BigBrotr runs a pipeline of async services that continuously map and monitor the Nostr relay ecosystem:

```text
Seeder ──> Finder ──> Validator ──> Monitor ──> Synchronizer
(seed URLs)  (discover)  (test)    (health)     (archive events)
                                                      |
                                          Refresher (materialized views)
```

1. **Seeder** loads relay URLs from a seed file (one-shot)
2. **Finder** discovers new relays from stored events (NIP-65 relay lists, kind 2/3) and external APIs
3. **Validator** tests WebSocket connectivity for each candidate, promoting valid relays
4. **Monitor** performs NIP-11 info document fetches and NIP-66 health checks (RTT, SSL, DNS, GeoIP, ASN, HTTP headers), then publishes results as kind 10166/30166 Nostr events
5. **Synchronizer** connects to all validated relays, subscribes to events, and archives them with per-relay cursor tracking for incremental sync
6. **Refresher** periodically refreshes materialized views in dependency order, with per-view logging, timing, and error isolation

All services expose Prometheus metrics, run behind PGBouncer connection pooling, and support clearnet + Tor + I2P + Lokinet connectivity.

---

## Architecture

Diamond DAG with strict import direction (top to bottom only):

```text
              services         src/bigbrotr/services/
             /   |   \
          core  nips  utils    src/bigbrotr/{core,nips,utils}/
             \   |   /
              models           src/bigbrotr/models/
```

- **models** -- Pure frozen dataclasses. Zero I/O, zero package dependencies, stdlib logging only.
- **core** -- Pool (asyncpg), Brotr (DB facade), BaseService, Logger, Metrics, Exceptions.
- **nips** -- NIP-11 relay info fetch/parse, NIP-66 health checks (RTT, SSL, DNS, Geo, Net, HTTP). Has I/O.
- **utils** -- DNS resolution, Nostr key management, WebSocket/HTTP transport with SOCKS5 proxy.
- **services** -- Business logic: Seeder, Finder, Validator, Monitor (+ Publisher + Tags), Synchronizer, Refresher.

---

## Quick Start

### Prerequisites

- Docker and Docker Compose
- (Optional) Python 3.11+ for local development

### Deploy with Docker Compose

```bash
git clone https://github.com/BigBrotr/bigbrotr.git
cd bigbrotr/deployments/bigbrotr

# Configure secrets
cp .env.example .env
# Edit .env: set DB_ADMIN_PASSWORD, DB_WRITER_PASSWORD, DB_READER_PASSWORD, PRIVATE_KEY, GRAFANA_PASSWORD

# Start everything
docker compose up -d

# Watch the pipeline start
docker compose logs -f seeder
```

This starts PostgreSQL, PGBouncer, Tor proxy, all 6 services, Prometheus, and Grafana.

| Endpoint | URL |
|----------|-----|
| Grafana | `http://localhost:3000` |
| Prometheus | `http://localhost:9090` |
| PostgreSQL | `localhost:5432` |
| PGBouncer | `localhost:6432` |

### Run a Single Service Locally

```bash
uv sync --group dev
cd deployments/bigbrotr

# One cycle
python -m bigbrotr seeder --once

# Continuous with debug logging
python -m bigbrotr finder --log-level DEBUG
```

---

## Deployments

BigBrotr supports multiple deployment configurations from the same codebase via a single parametric Dockerfile (`deployments/Dockerfile` with `ARG DEPLOYMENT`).

### BigBrotr (Full Archive)

Stores complete Nostr events (id, pubkey, created_at, kind, tags, content, sig). 11 materialized views for analytics.
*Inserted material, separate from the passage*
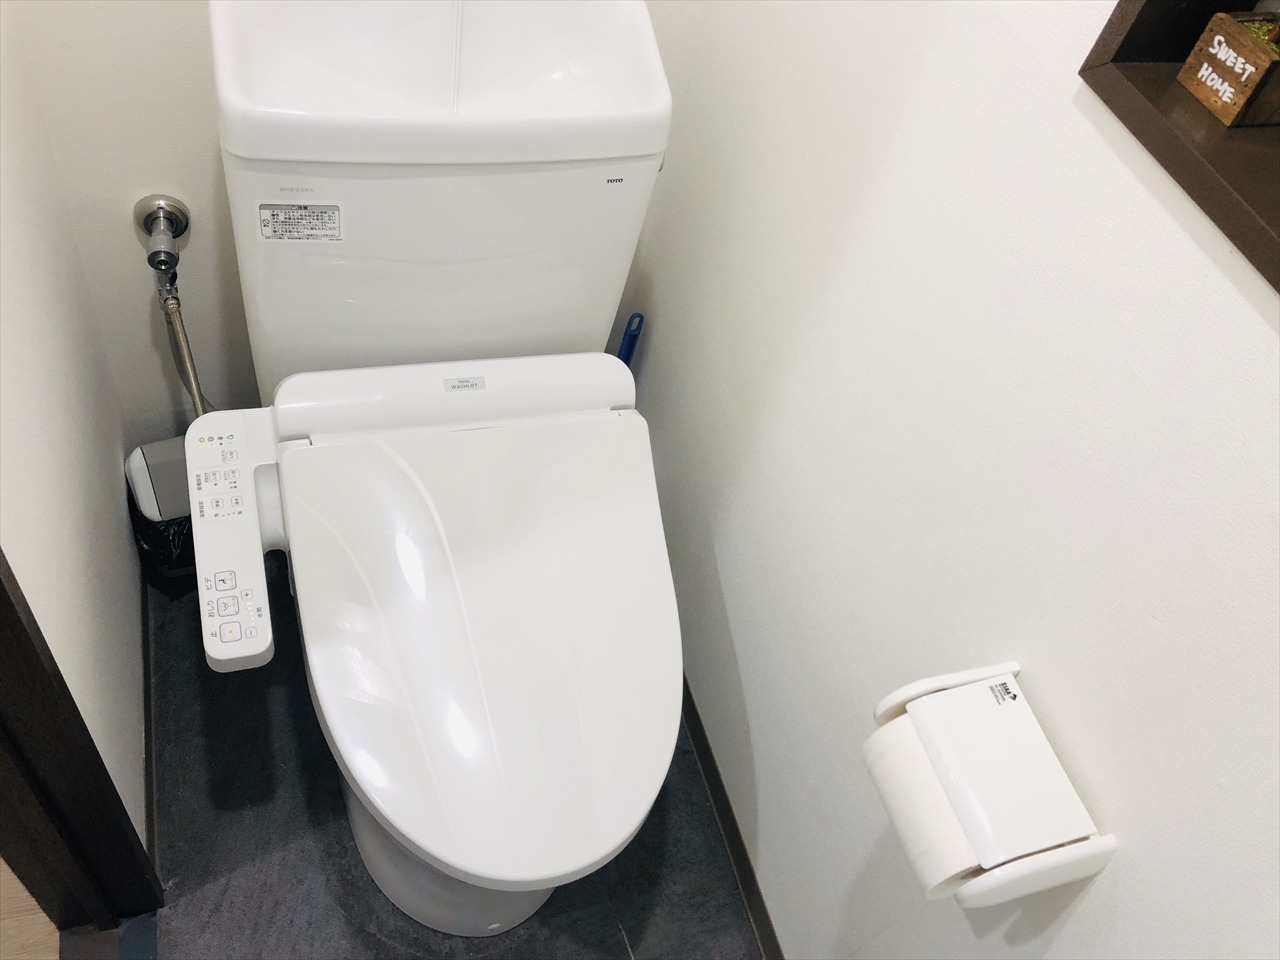  clean toilet 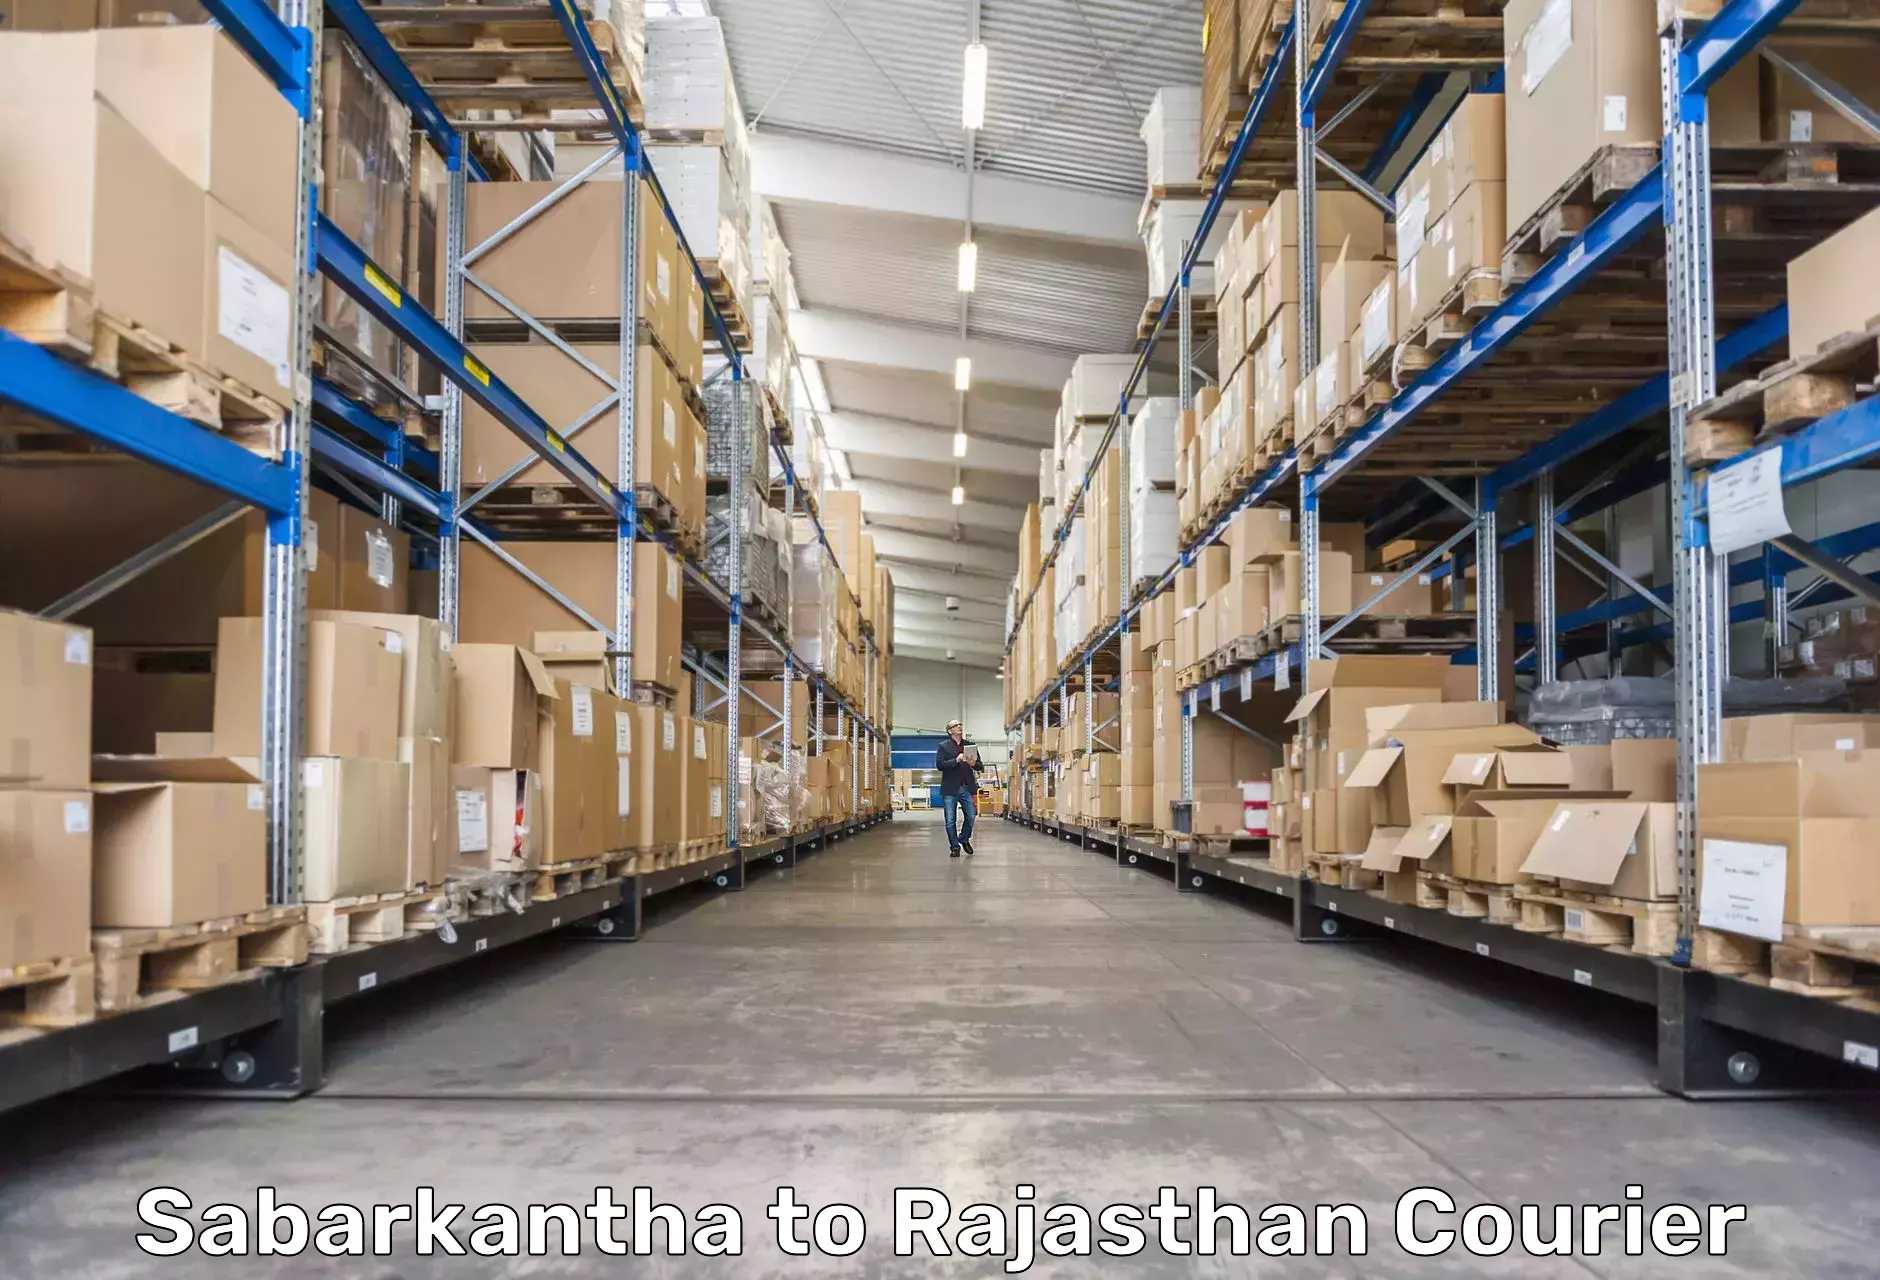 International parcel service Sabarkantha to Yathalakunta

Tor enabled. All 5 services + Prometheus + Grafana.

```bash
cd deployments/bigbrotr && docker compose up -d
```

### LilBrotr (Lightweight)

Stores event metadata only (id, pubkey, created_at, kind, tagvalues). Omits tags JSON, content, and sig for approximately 60% disk savings. No materialized views. Same service pipeline.

```bash
cd deployments/lilbrotr && docker compose up -d
```

### Custom Deployment

```bash
cp -r deployments/bigbrotr deployments/myrelay
# Edit config, SQL schema, docker-compose.yaml
cd deployments/myrelay && docker compose up -d
```

---

## Database

PostgreSQL 16 with PGBouncer (transaction-mode pooling) and asyncpg async driver. All mutations via stored functions with bulk array parameters.

### Schema

| Table | Purpose |
|-------|---------|
| `relay` | Validated relay URLs with network type and discovery timestamp |
| `event` | Nostr events (BYTEA ids/pubkeys/sigs for space efficiency) |
| `event_relay` | Junction: which events were seen at which relays |
| `metadata` | Content-addressed NIP-11/NIP-66 documents (SHA-256 dedup, `data` JSONB) |
| `relay_metadata` | Time-series snapshots linking relays to metadata records (`metadata_type` column) |
| `service_state` | Per-service operational data (candidates, cursors, checkpoints) |

### Stored Functions (25)

- **1 utility**: `tags_to_tagvalues` (extracts single-char tag values for GIN indexing)
- **10 CRUD**: `relay_insert`, `event_insert`, `metadata_insert`, `event_relay_insert`, `relay_metadata_insert`, `event_relay_insert_cascade`, `relay_metadata_insert_cascade`, `service_state_upsert`, `service_state_get`, `service_state_delete`
- **2 cleanup**: `orphan_event_delete`, `orphan_metadata_delete` (all batched)
- **12 refresh**: one per materialized view + `all_statistics_refresh`

All functions use `SECURITY INVOKER`, bulk array parameters, and `ON CONFLICT DO NOTHING`.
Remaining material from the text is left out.